A proposito di razze è vero che la carne italiana è più buona?

“Non è più buona, è diversa. Faccio un esempio, spiegando prima che la produzione italiana sarebbe a malapena sufficiente per un terzo dei consumi attuali. Ogni razza produce carni diverse: un Angus dà una carne con una tenerezza intensa, molto profumata, ricca di sapori. Una chianina italiana sarà invece perfetta in un determinato ambito di consumo per salubrità e digeribilità maggiori”.

Oggi l’hamburger è il prodotto di punta del consumo di carne e l’Italia ne ha cambiato le caratteristiche qualitative in meglio, mi sembra. Che ne pensi?

“Il merito va alle nostre mamme che, dal macellaio, sceglievano direttamente il taglio da far macinare perché non si fidavano. Erano i tempi delle ‘svizzere’, il termine hamburger è venuto molto dopo ma quella saggezza è rimasta e si è trasferita a noi produttori. Infatti un buon hamburger non dipende solo da una materia prima eccellente ma anche e, soprattutto, dalla maestria delle lavorazioni. I tagli anatomici che andavano nei bolliti o nei brasati oggi rientrano negli hamburger; il processo di macinazione che rompe le fibre deve prestare molta attenzione a fare in modo che si intenerisca ancor di più la carne; il giusto mix tra carne e grassi sono alcuni degli elementi che contribuiscono alla qualità del prodotto. Ma anche l’impastatura e la formatura giocano un grande ruolo, con l’aggiunta, ogni azienda a suo modo, di ingredienti (spezie, vegetali ecc…) per conferire determinate caratteristiche di gusto che danno origine anche a molteplici tipologie di consumo e di locali”.

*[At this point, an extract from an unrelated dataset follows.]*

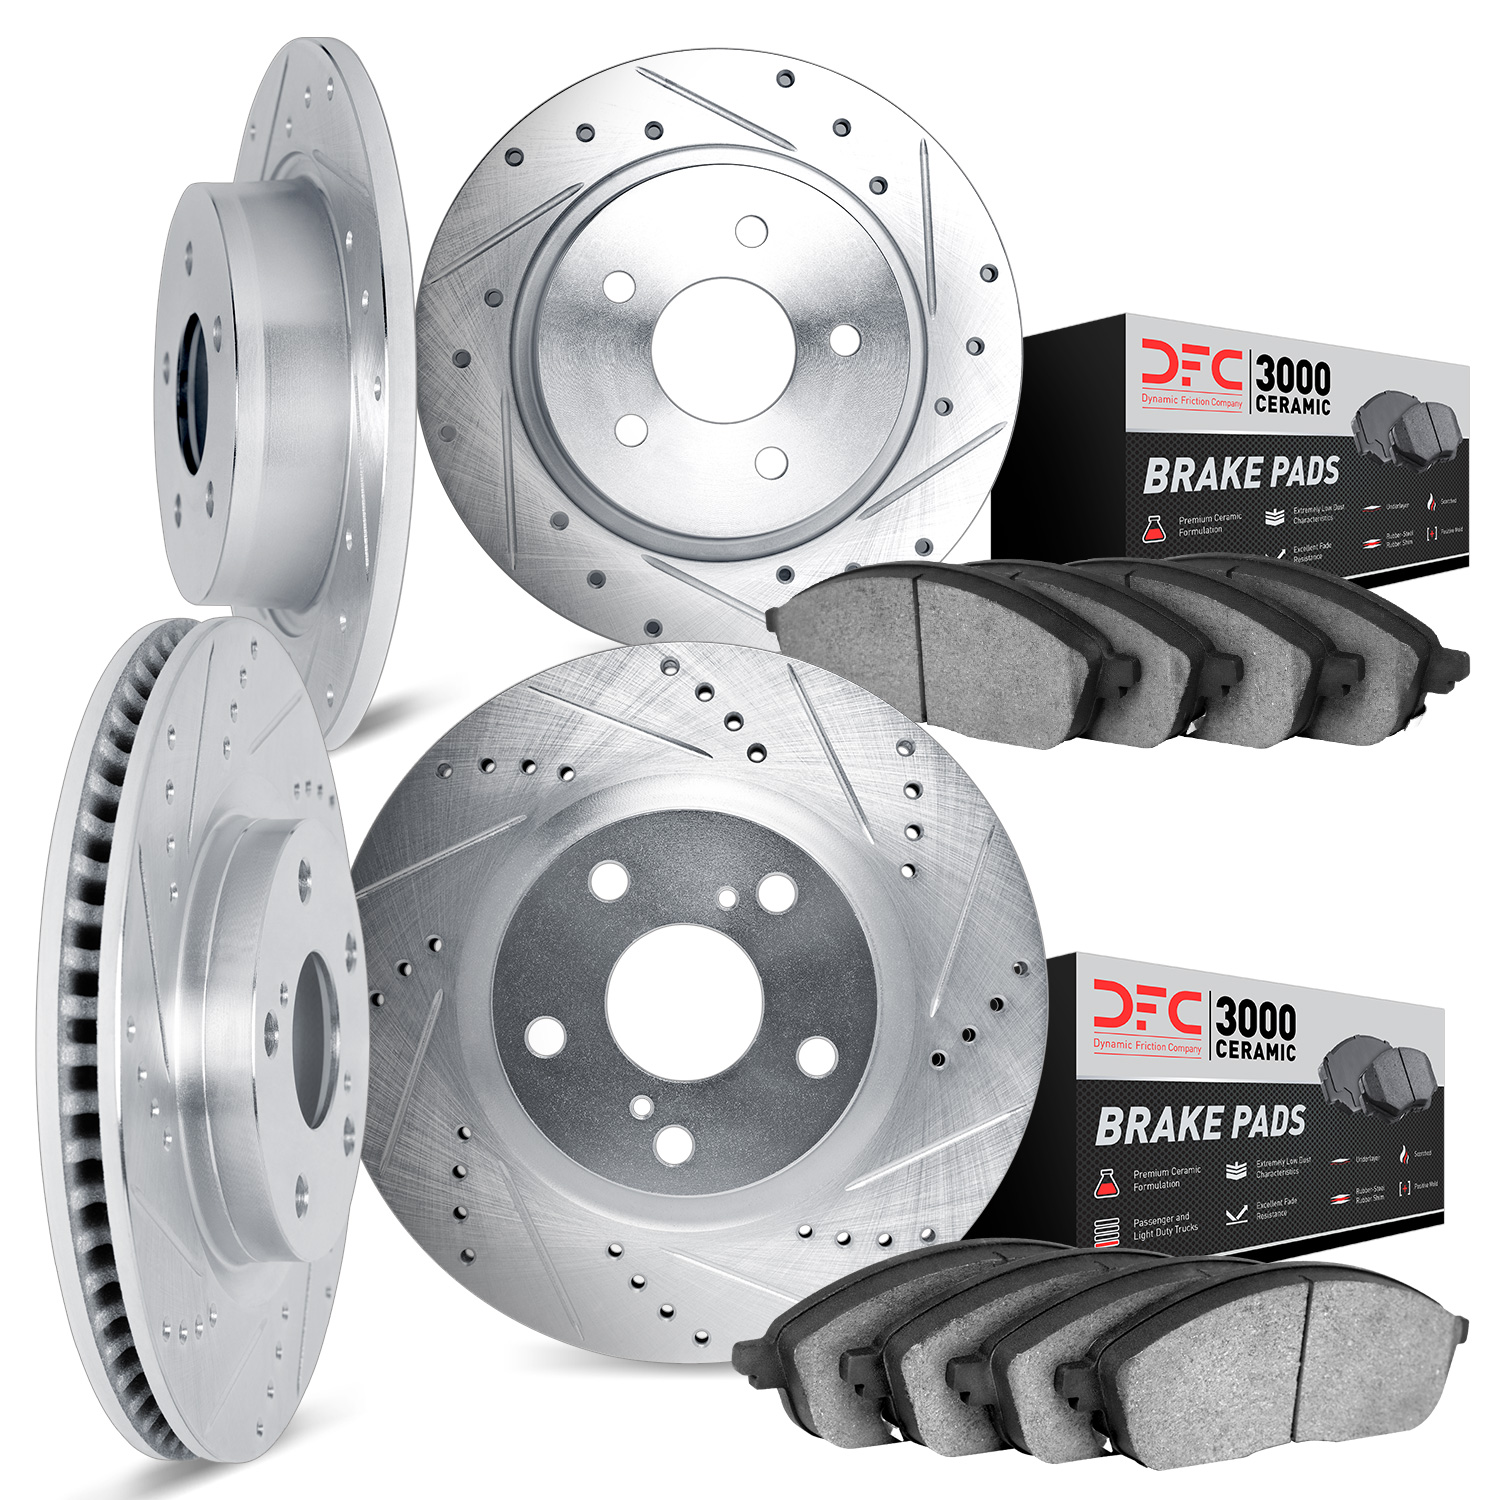 7304-80028 Drilled/Slotted Brake Rotor with 3000-Series Ceramic Brake Pads Kit [Silver], 2004-2013 Ford/Lincoln/Mercury/Mazda, P

Un mondo complesso quello delle carni: il distributore che ruolo ha in tutto questo?

“Quello di saper selezionare le carni adatte a quel determinato ristorante da lui servito. Per questo appartenere a un grande gruppo, come nel caso di Cateringross, permette, attraverso l’esperienza dei buyer e la conoscenza internazionale delle zone di produzione, di avere sempre il meglio per ogni ristorante. La formazione continua degli agenti di vendita è, dunque, fondamentale per tutti noi”.